Down to the last line, set down the material below exactly, excluding pictures.

» EXERCISE DATA:
---+---
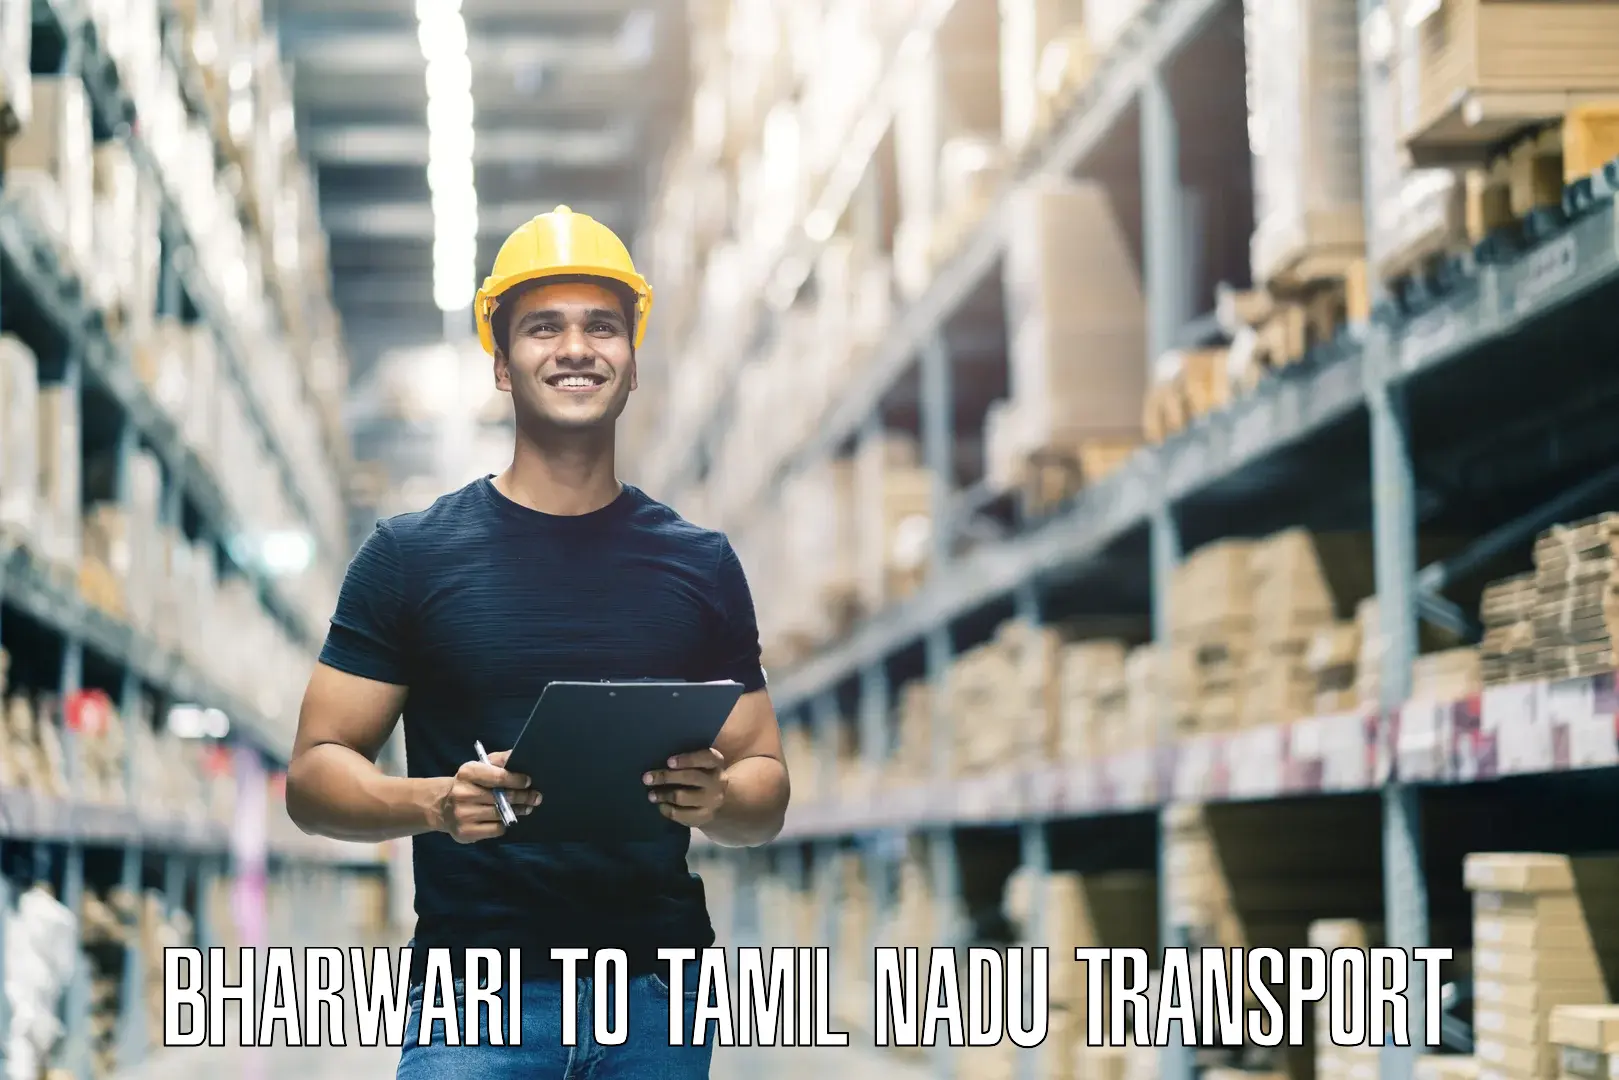 Daily transport service Bharwari to Tamil Nadu
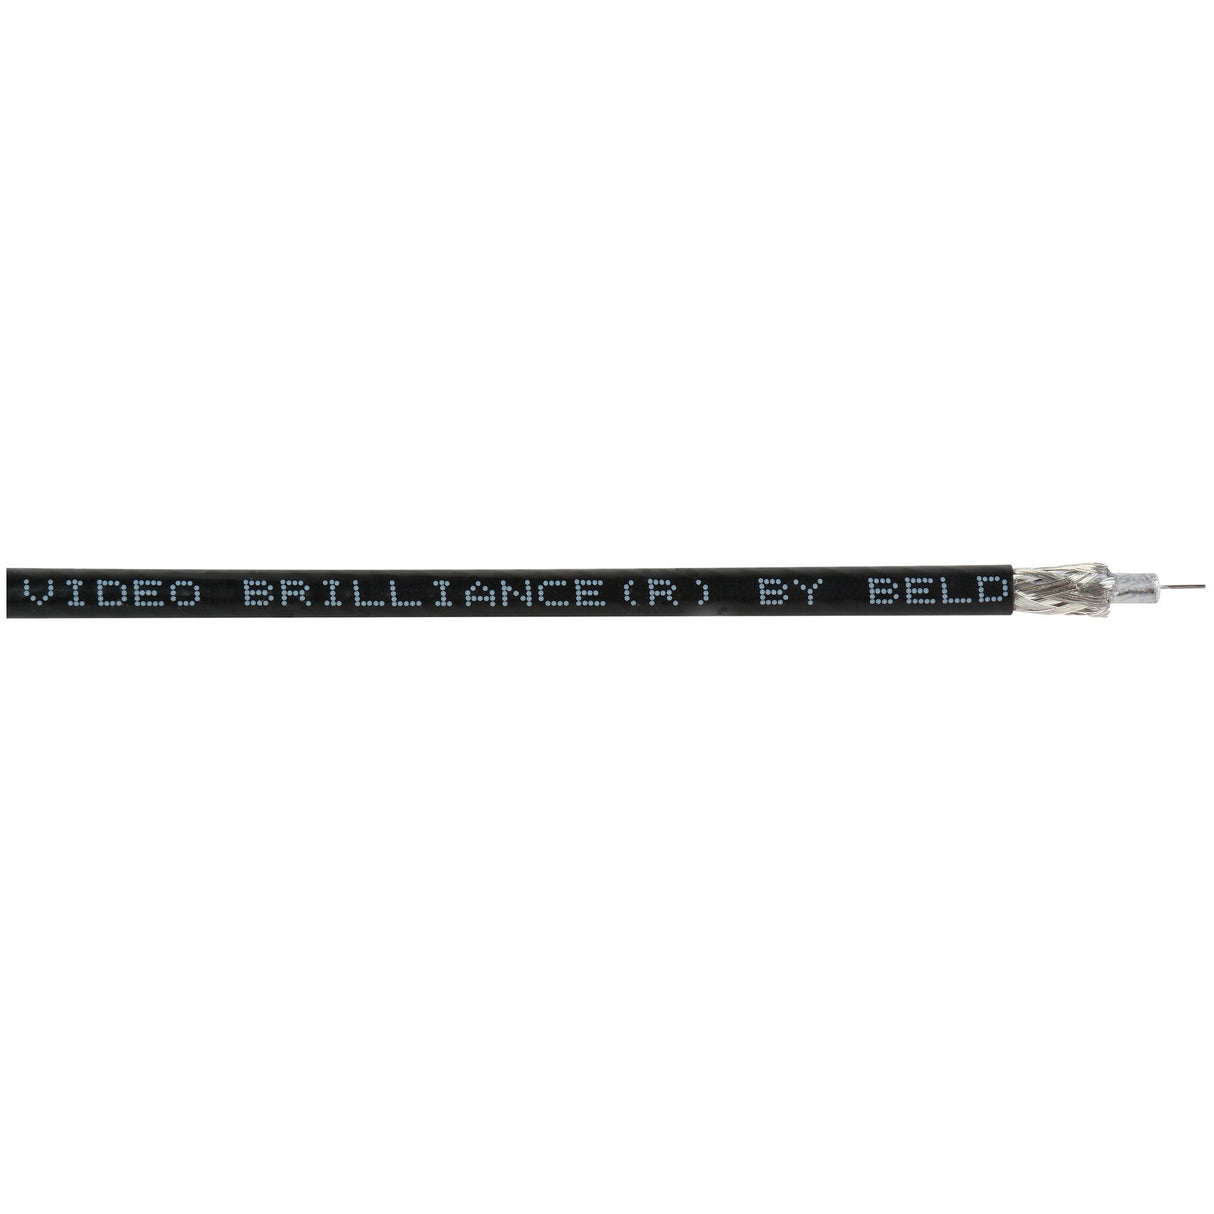 Belden 4855R 12G-SDI 75 Ohm 4K UHD Mini RG-59 Coax Video Cable, Black, 1000-Feet
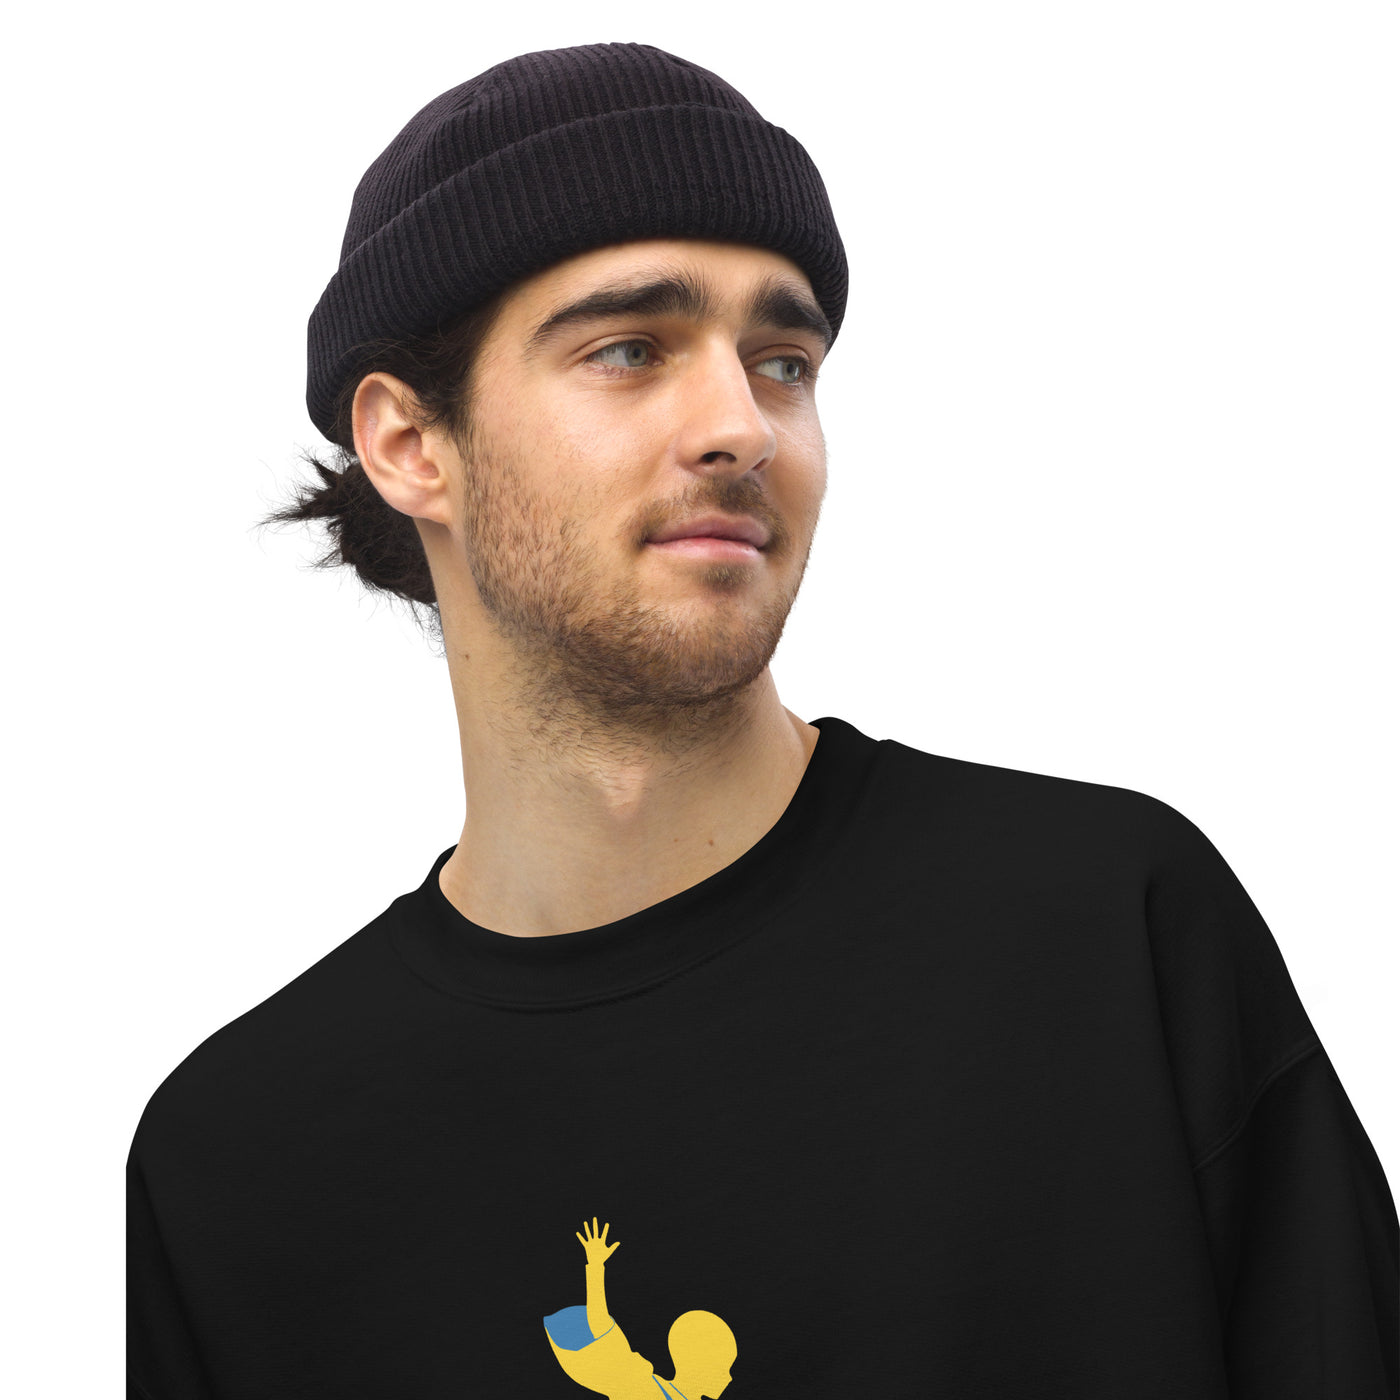 I Know Python Scripting - Unisex Sweatshirt
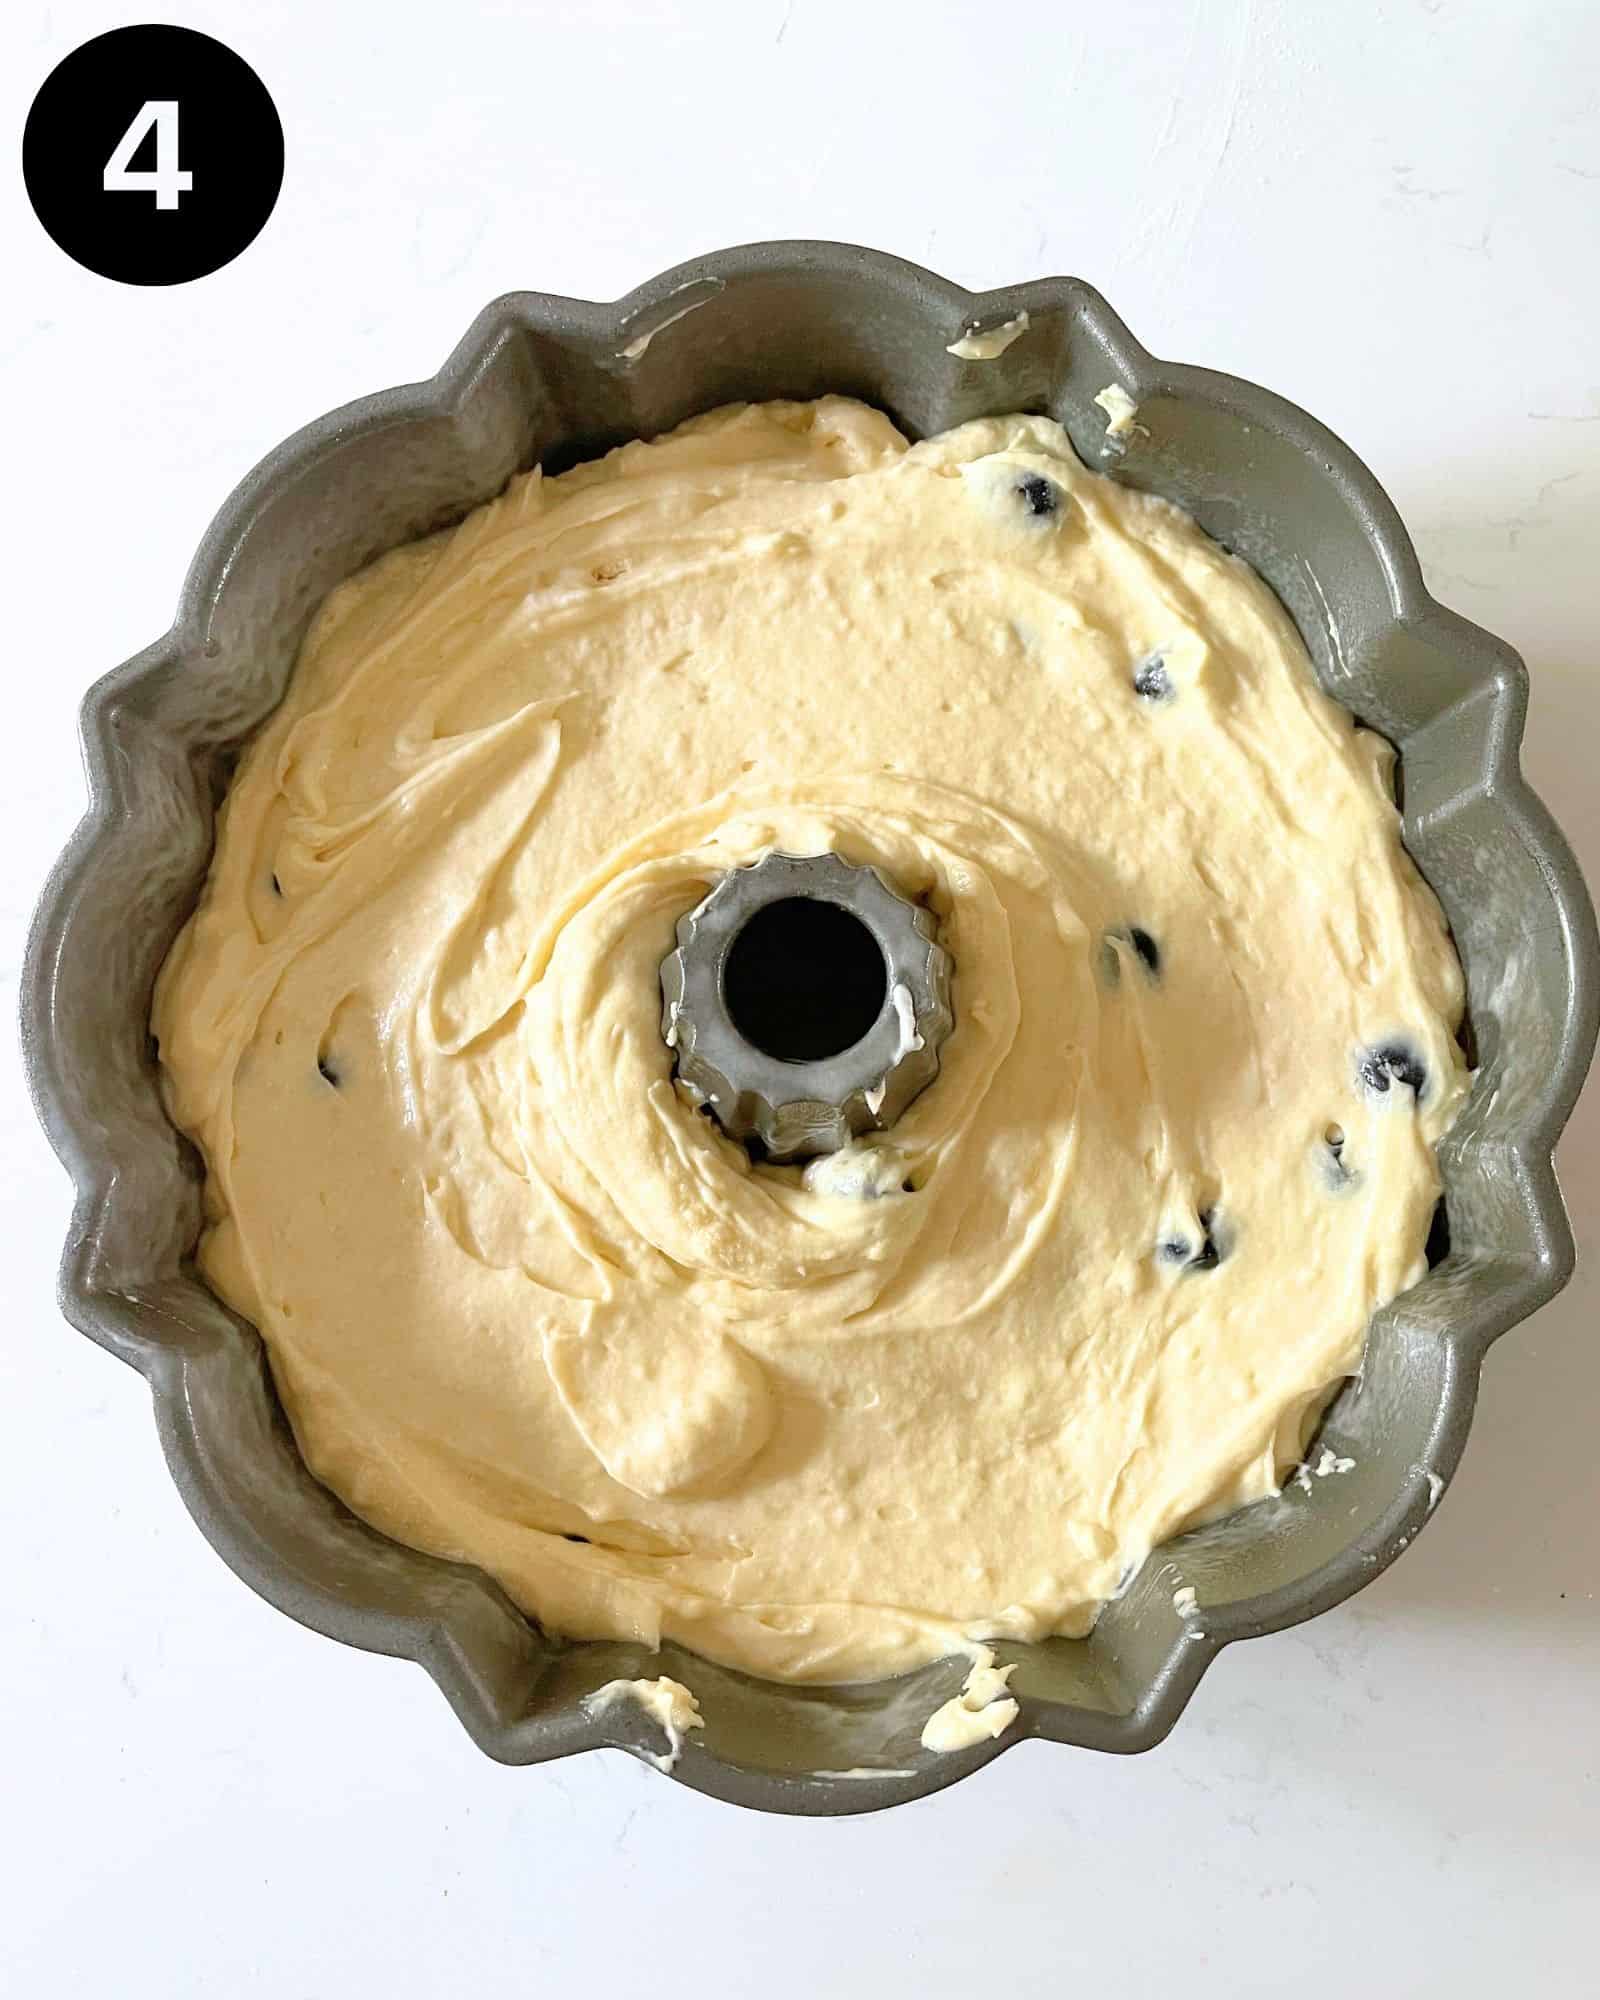 blueberry pound cake batter in a bundt pan.
---+---
» OUTPUT OF THE EXERCISE:
 Daily transport service Bharwari to Tamil Nadu
 Belden 4855R 12G-SDI 75 Ohm 4K UHD Mini RG-59 Coax Video Cable, Black, 1000-Feet
 I Know Python Scripting - Unisex Sweatshirt
 blueberry pound cake batter in a bundt pan.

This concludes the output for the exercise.